══ SUPPLIED MATERIAL ══

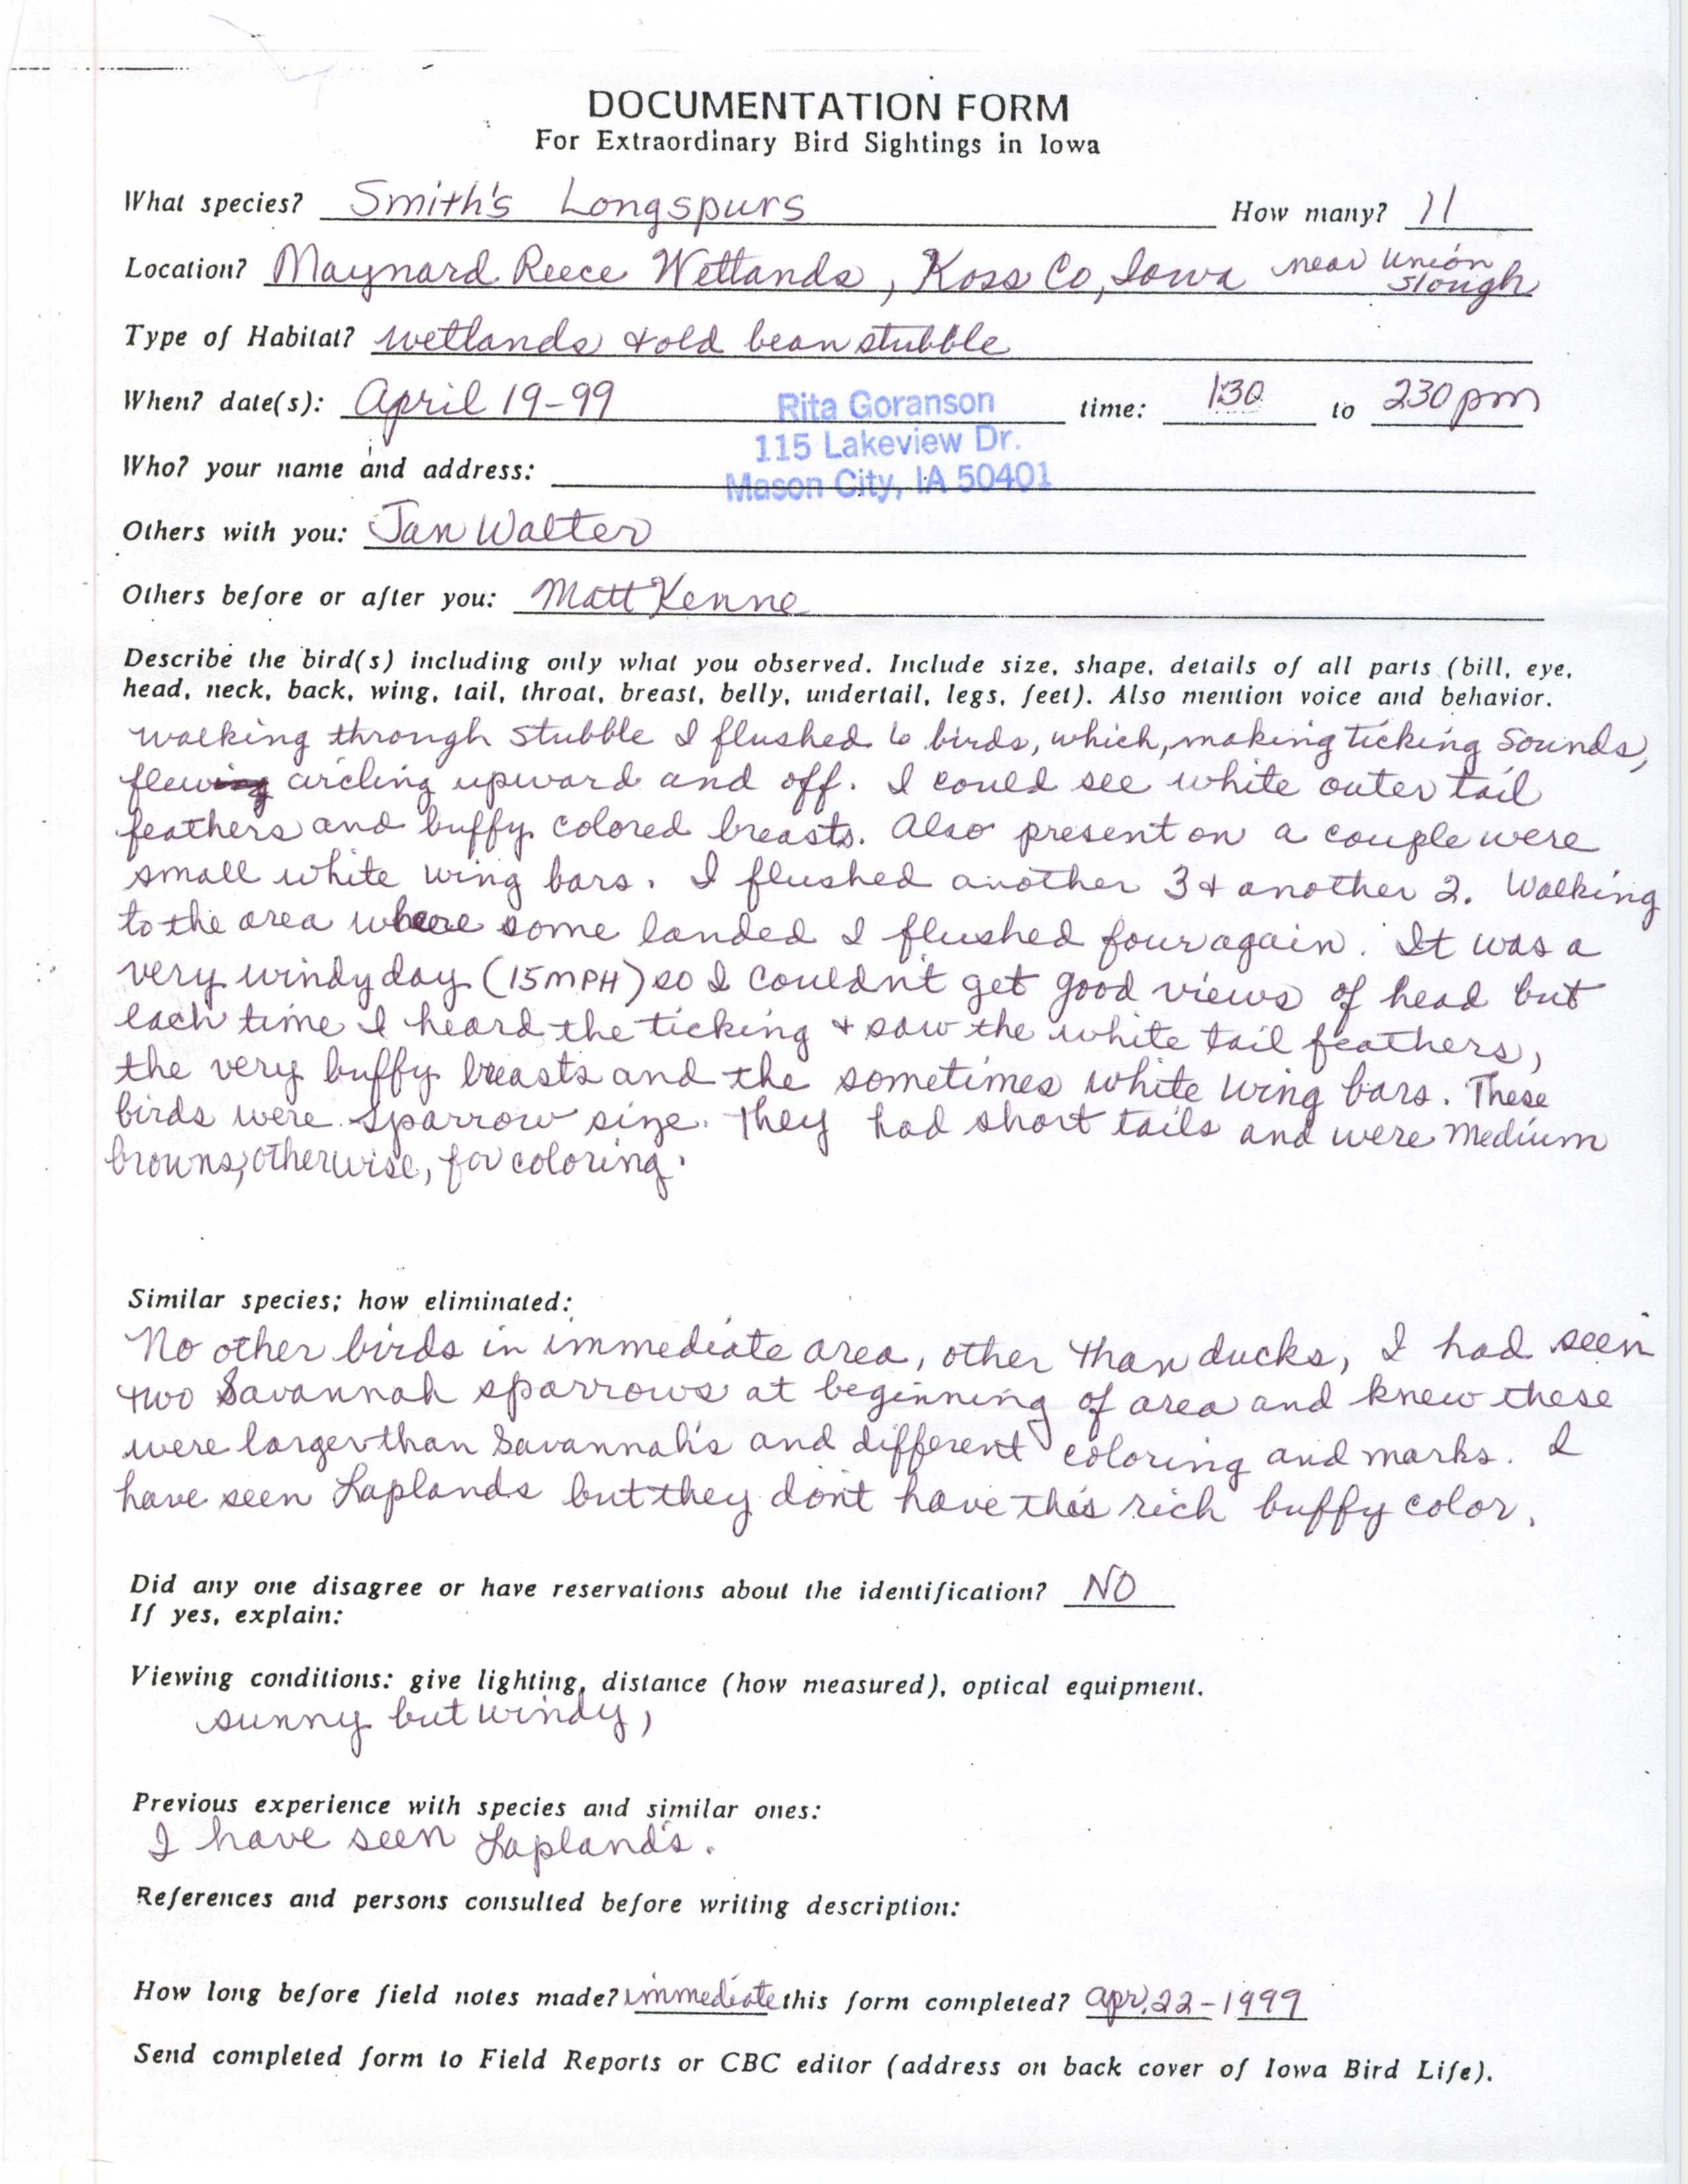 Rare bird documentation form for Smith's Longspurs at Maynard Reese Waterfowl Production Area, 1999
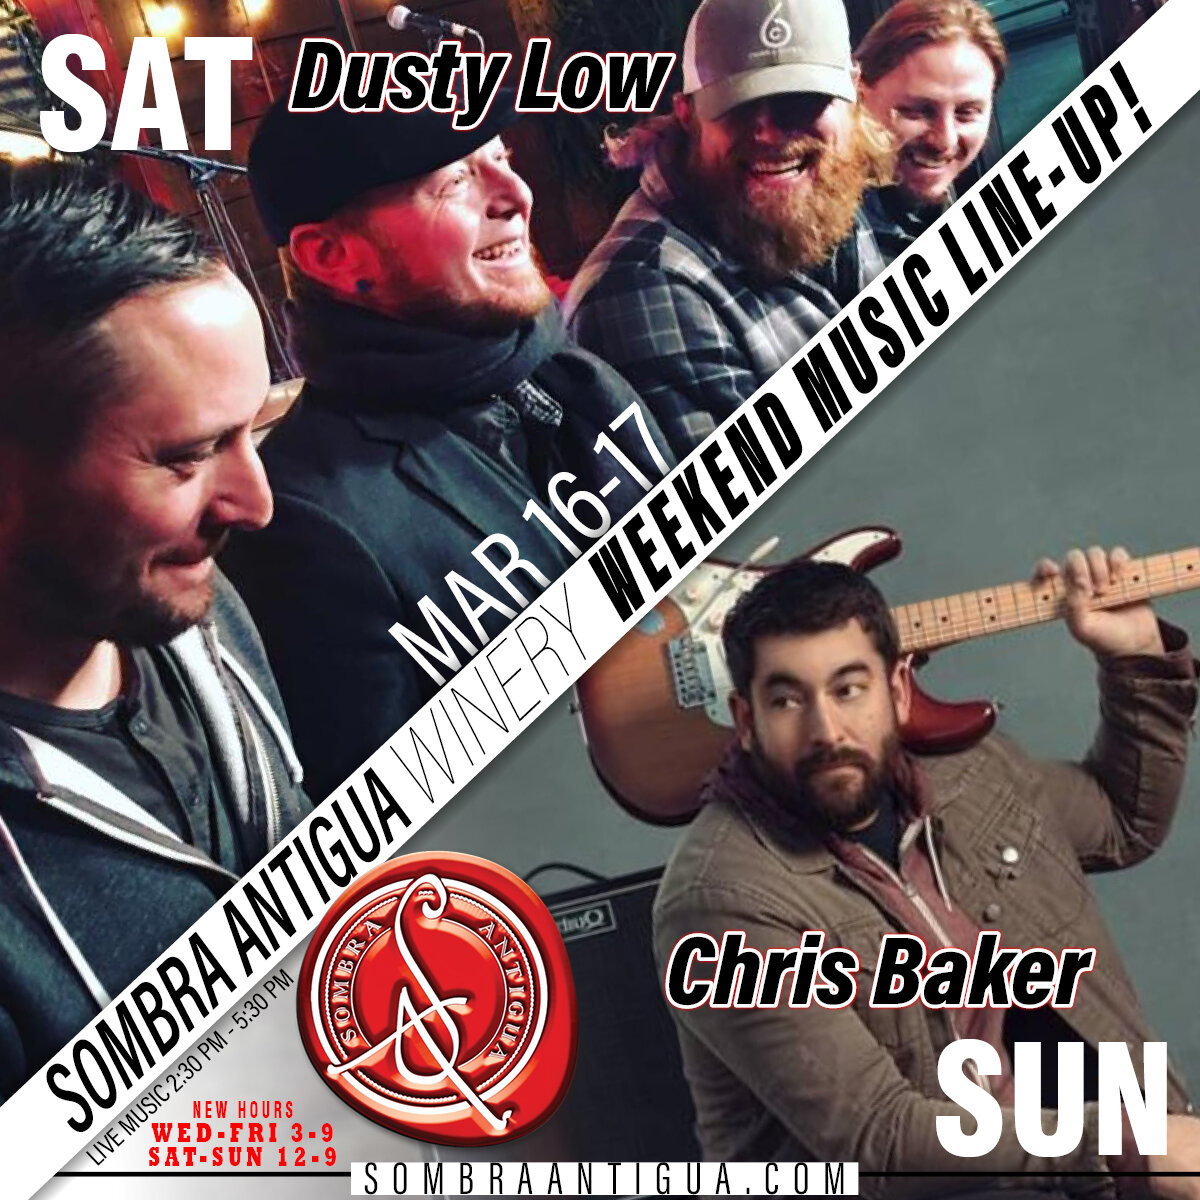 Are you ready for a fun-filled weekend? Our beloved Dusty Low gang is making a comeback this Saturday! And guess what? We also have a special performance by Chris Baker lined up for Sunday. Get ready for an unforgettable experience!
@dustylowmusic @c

═══

Apart from the images, reproduce the listing exactly as it appears.

 Rare bird documentation form for Smith's Longspurs at Maynard Reese Waterfowl Production Area, 1999
 Are you ready for a fun-filled weekend? Our beloved Dusty Low gang is making a comeback this Saturday! And guess what? We also have a special performance by Chris Baker lined up for Sunday. Get ready for an unforgettable experience!
@dustylowmusic @c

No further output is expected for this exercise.